Top of RECORDED INFORMATION
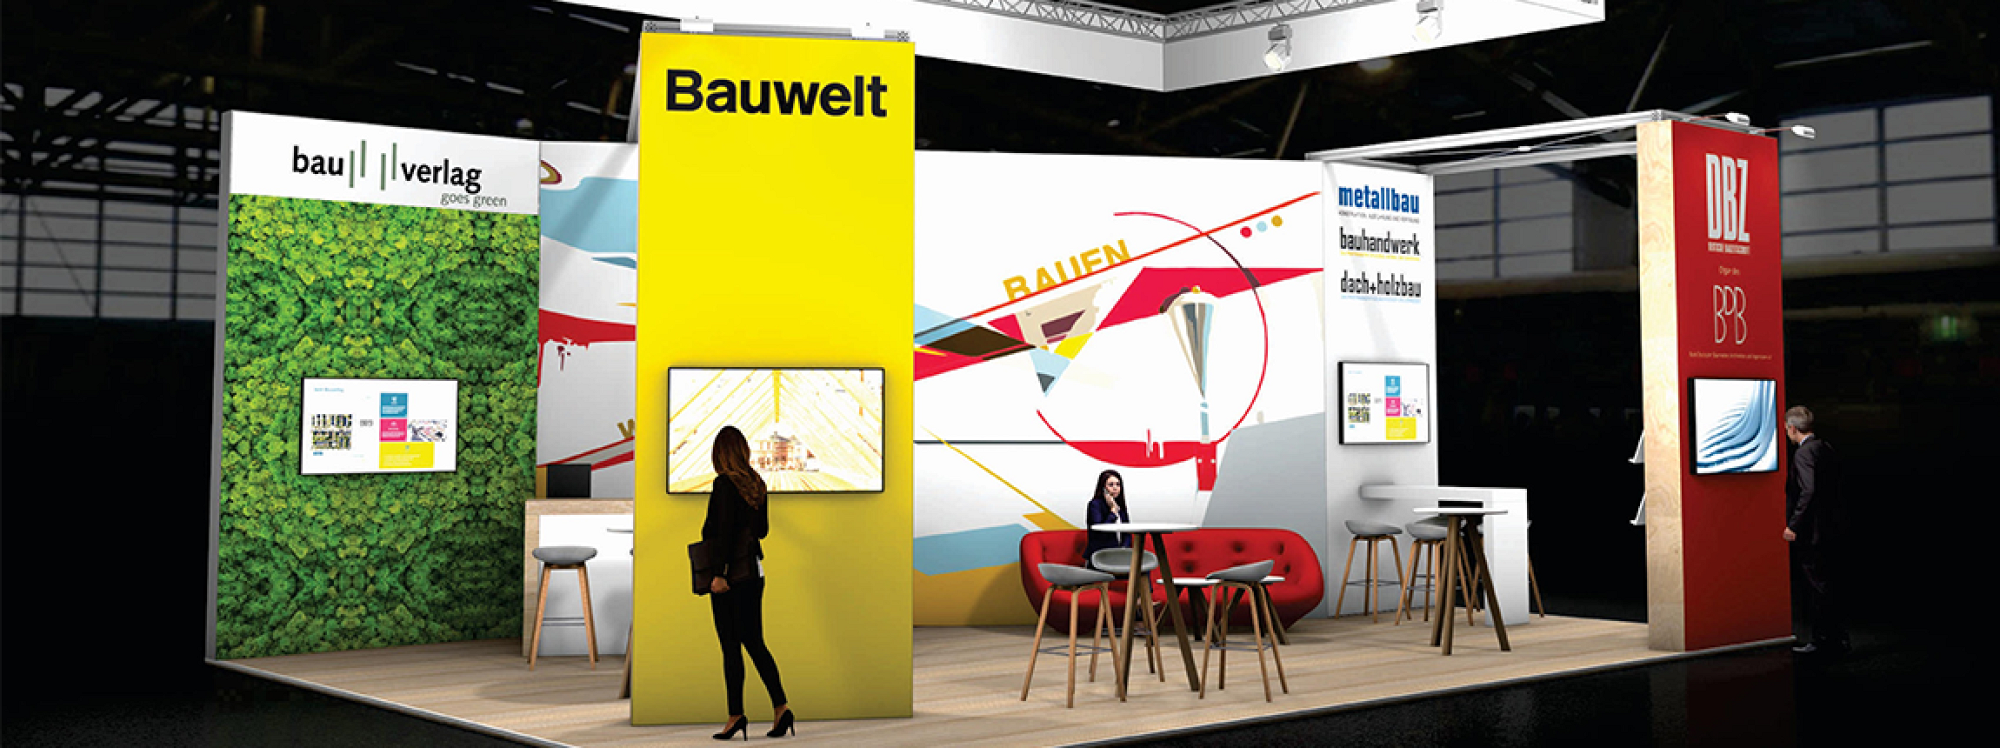 Bauverlag präsentiert sich auf der Messe BAU in München
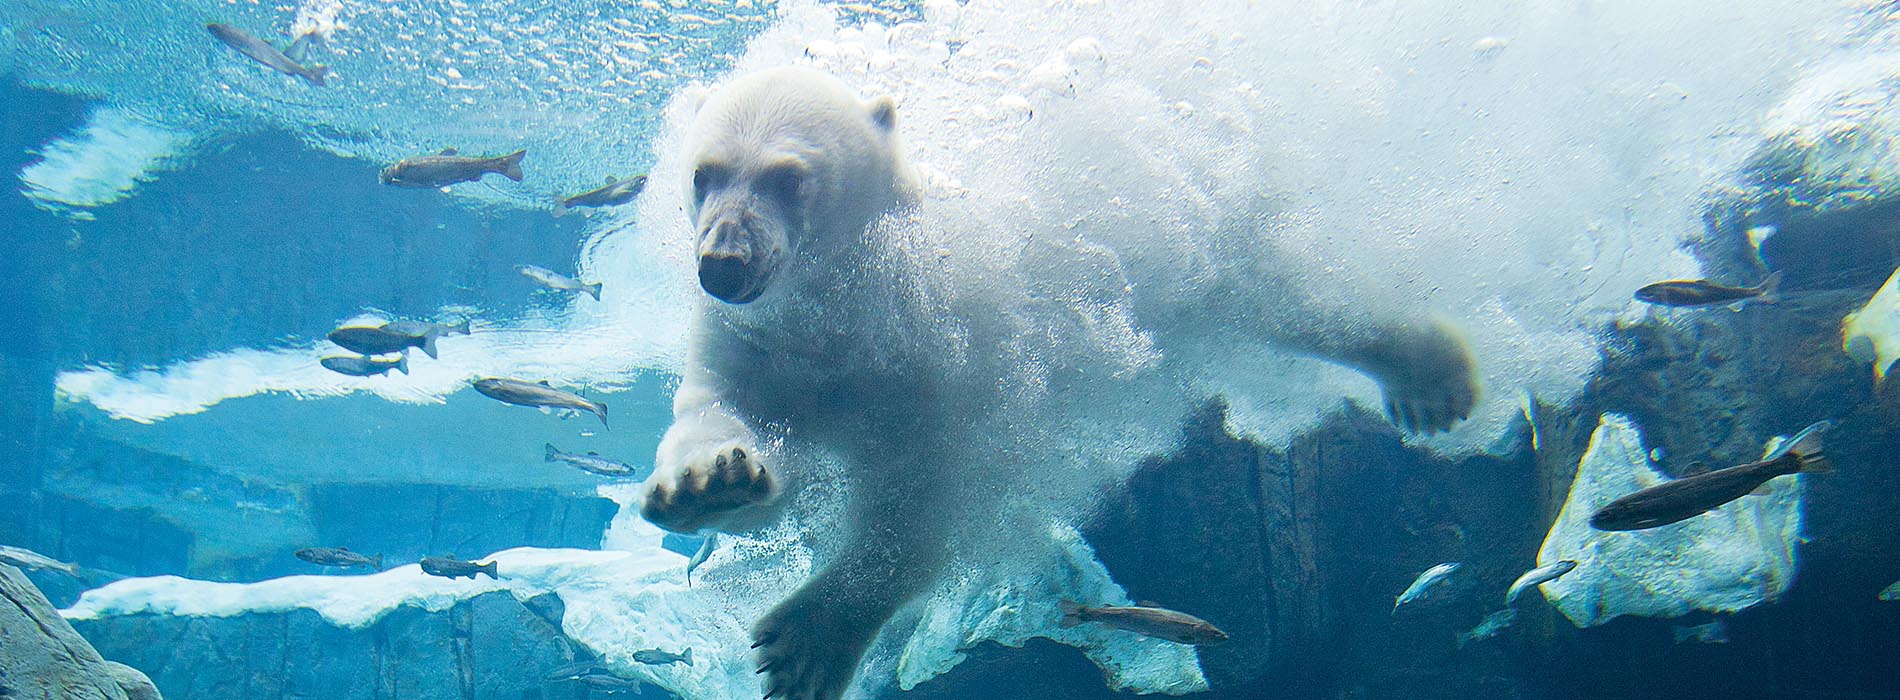 A polar bear diving into water
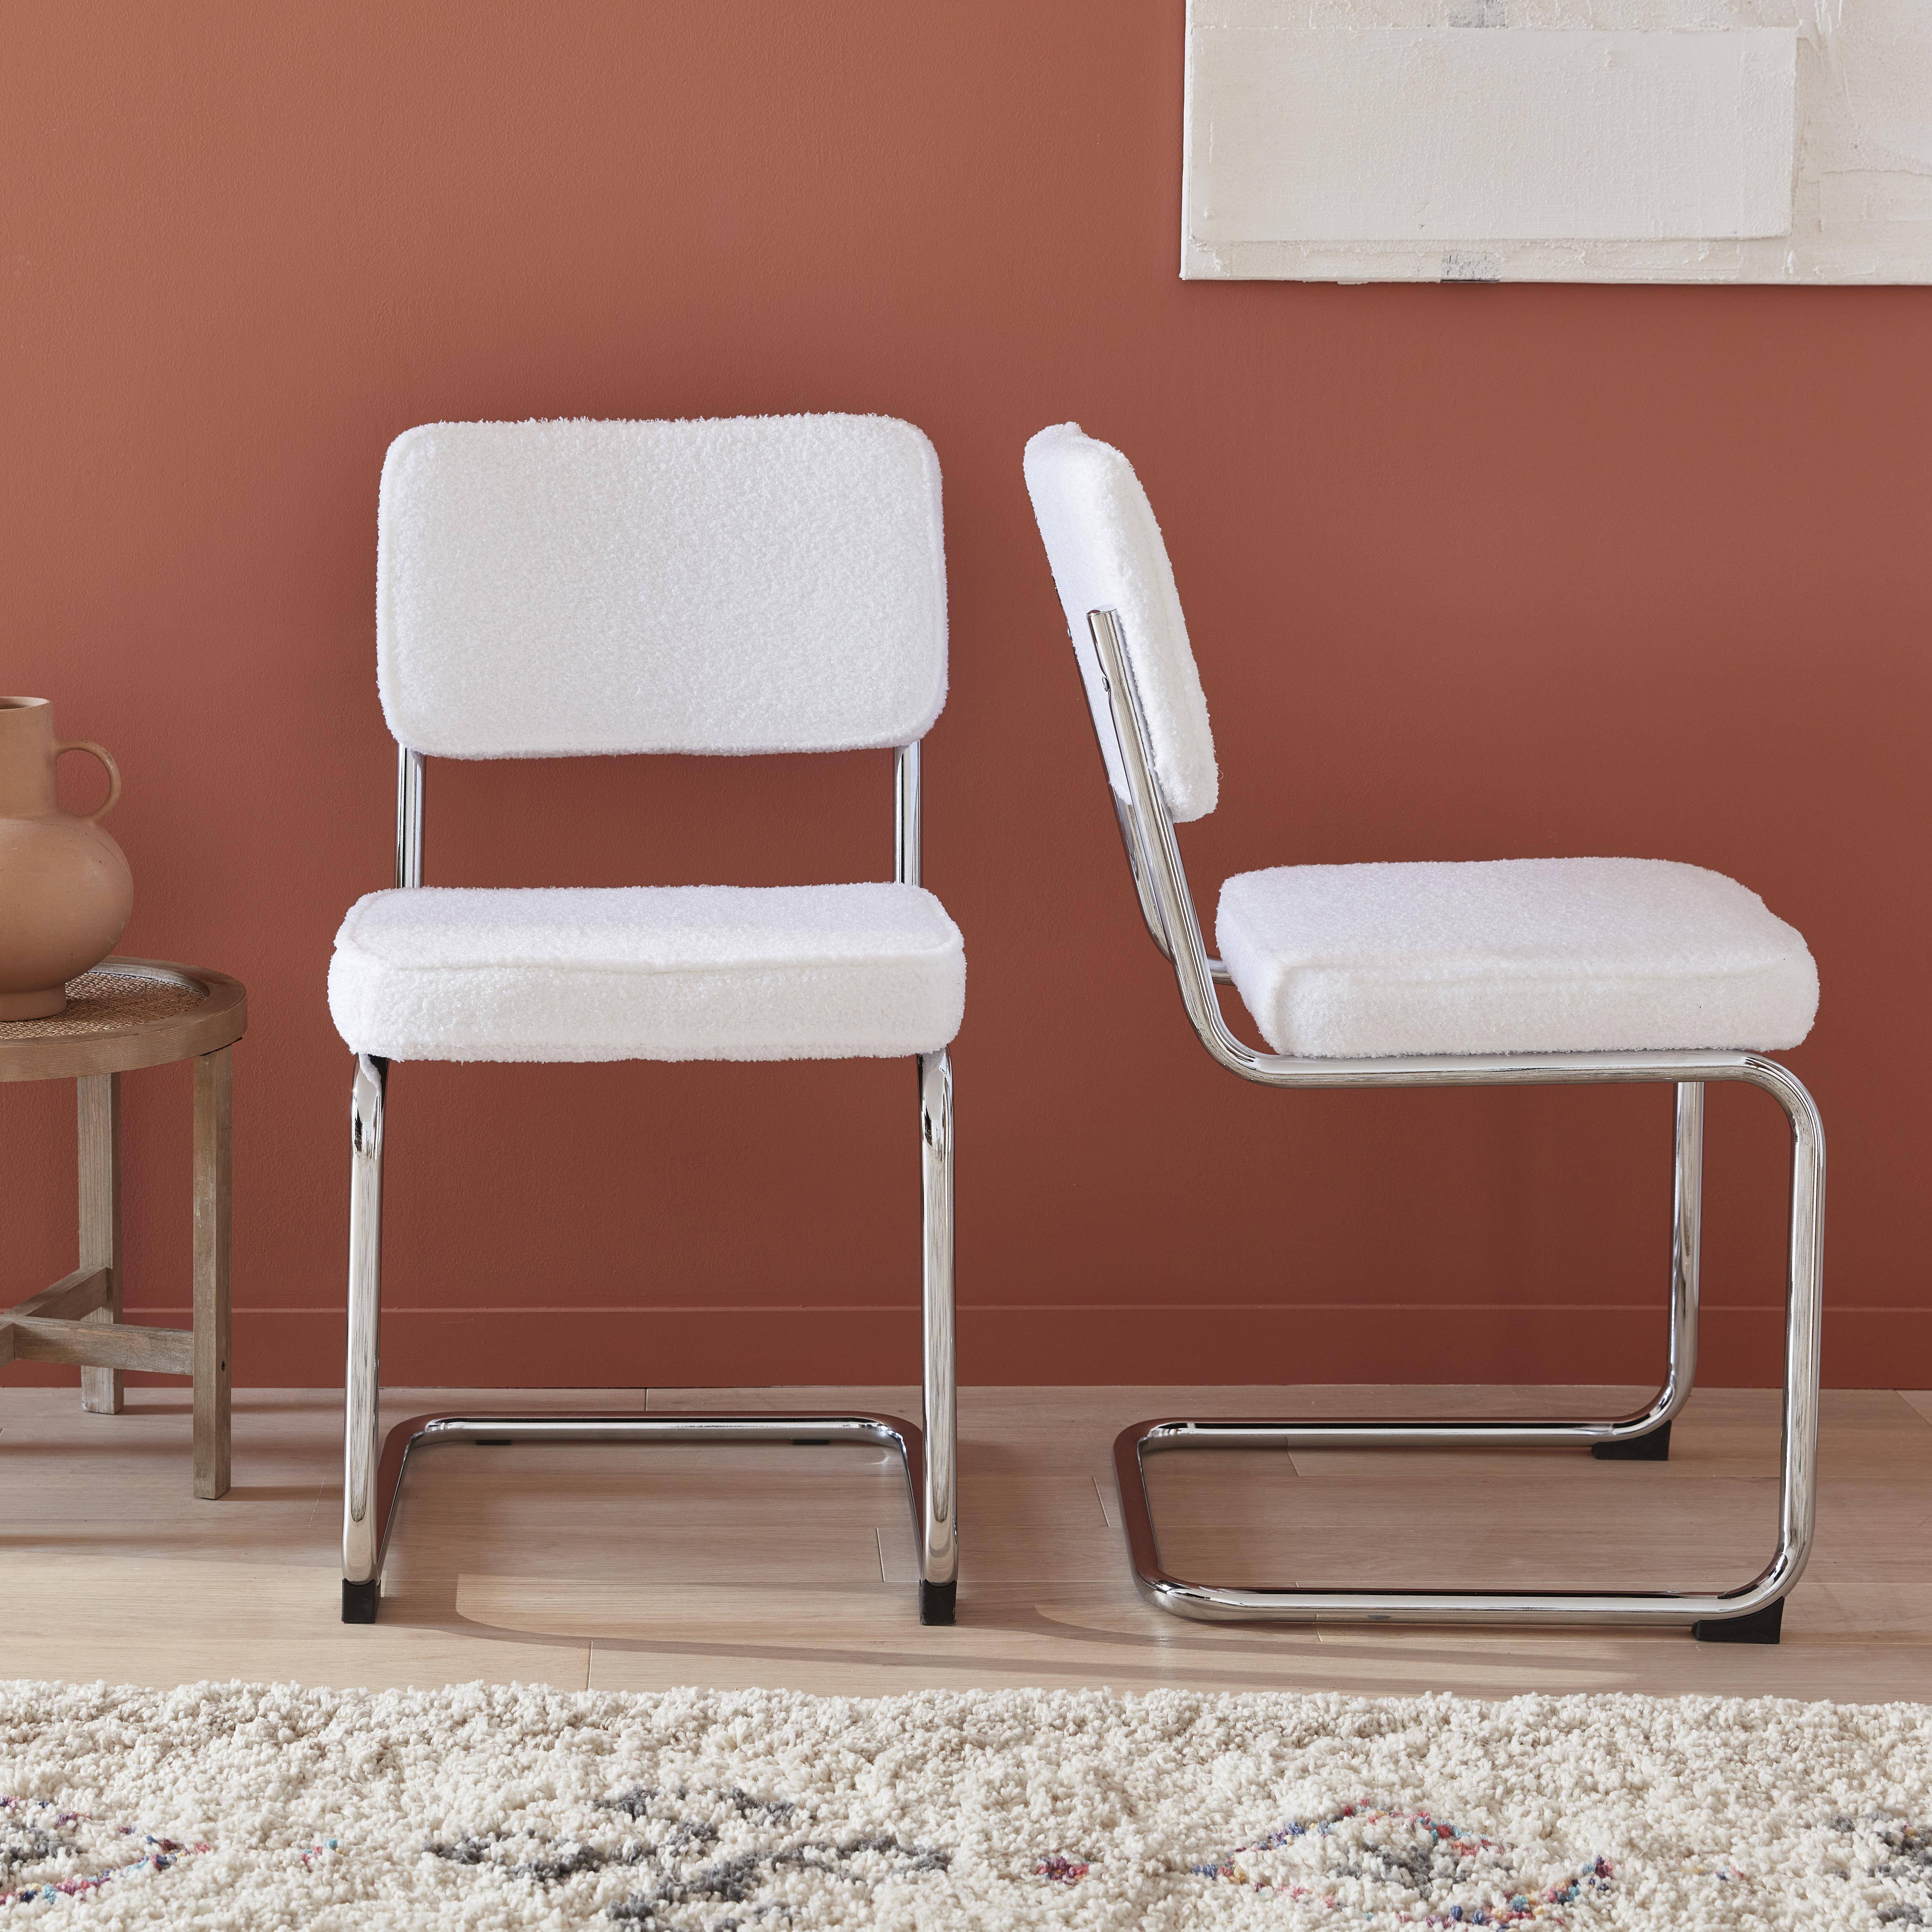 2 sillas voladizas - Maja - con rizos blancos, 46 x 54,5 x 84,5cm  ,sweeek,Photo2
Bottom of RECORDED INFORMATION
*WHAT THE TASK ASKS*
Rewrite the data above exactly as given, but omit the images.

*YOUR RESPONSE*
 Bauverlag präsentiert sich auf der Messe BAU in München
 A polar bear diving into water
 2 sillas voladizas - Maja - con rizos blancos, 46 x 54,5 x 84,5cm  ,sweeek,Photo2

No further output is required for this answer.